From NPR News, this is NEWS & NOTES. I'm Tony Cox in for Farai Chideya.

Today, domestic violence advocates and civil rights leaders are meeting in Long Beach, California. They are forging a new coalition to fight the alarming incidence of abuse in African-American families. According to the University of Minnesota's Institute on Domestic Violence in the African-American Community, blacks account for nearly half of all intimate partner homicides - half.

Among those attending the conference is Warren Edwards. Now 51, and an Anger Management Counselor, he is no stranger to violence. Edwards abused former girlfriends, his first of two wives, and spent 10 years in prison for murdering a friend over an unpaid gambling debt. He started using violence as a young teenager crippled by low self-esteem. This is Warren Edwards in his own words.
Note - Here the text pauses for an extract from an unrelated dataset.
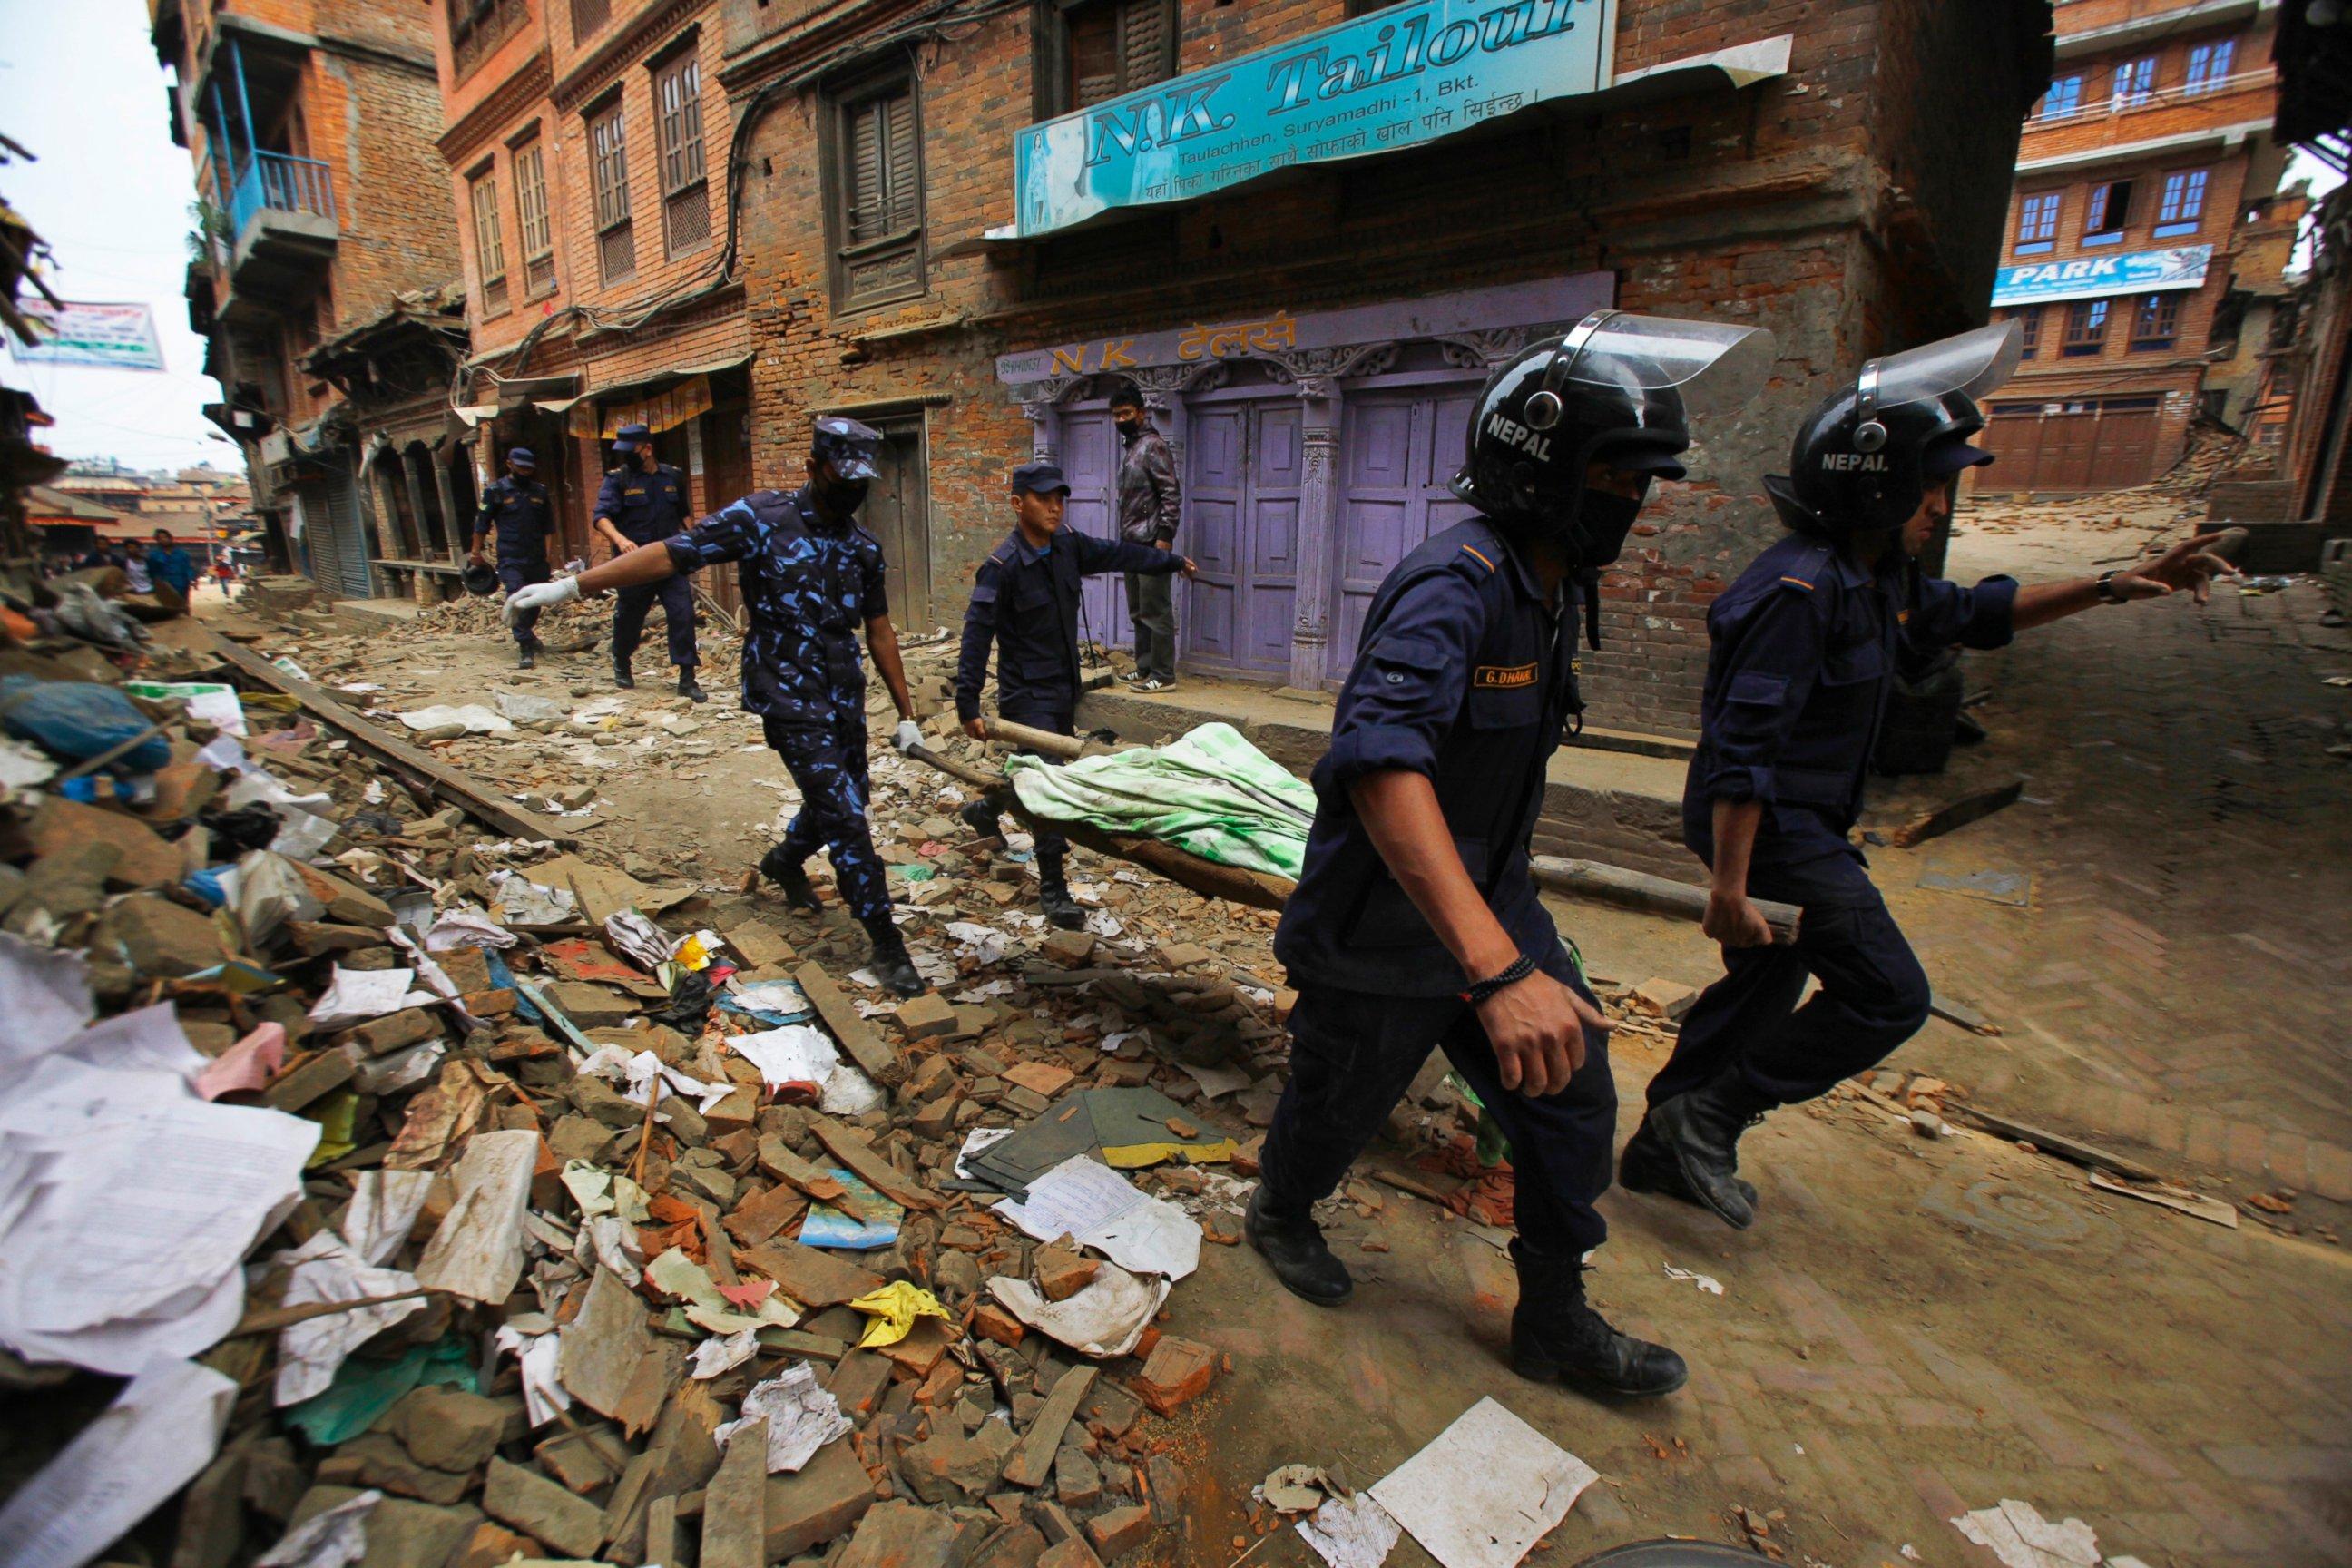 GTY_nepal_earthquake_7_jt_150426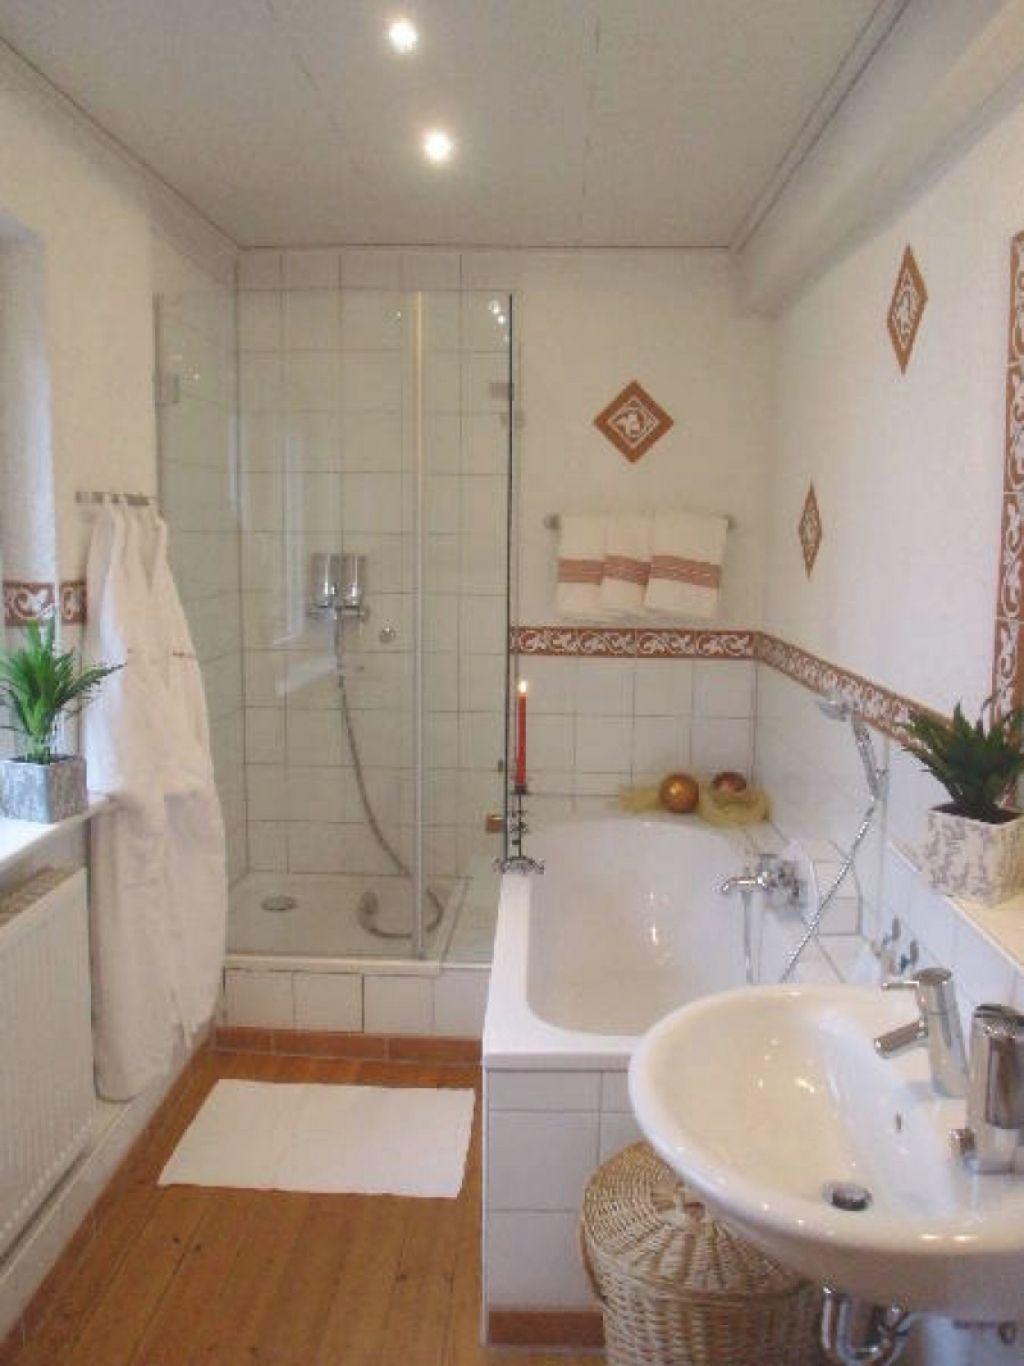 badezimmer 5 qm einrichten 3 qm bad einrichten badsanierung planen 10 tipps zum kosten sparen. Black Bedroom Furniture Sets. Home Design Ideas

Mr. WARREN EDWARDS (Anger Management Counselor): I can remember one day in junior high school I was dating a young lady. And I always wanted to be in control of the relationships that I was involved, whether it would be with male or female, you know, friendships or what have you.

And she was checking out this other guy and I got really upset about it. And I remember squeezing her arm and telling her, if I ever catch you looking at another guy again, we're going to have some serious problems, you know. And that was a threat, you know. And she was a fair skinned young lady, and so it bruised her arm and she was afraid of me after that.

I've been married two times. I'm happily married. I'm happy to report for 14 years - going on 15 years at this time - things have really blossomed for us in our relationship. But my marriage prior to this one, you know, I was really still in that abusive mode. I was, you know, it didn't take much to set me off. You know, it created huge problems in my first marriage and we just didn't make it, you know.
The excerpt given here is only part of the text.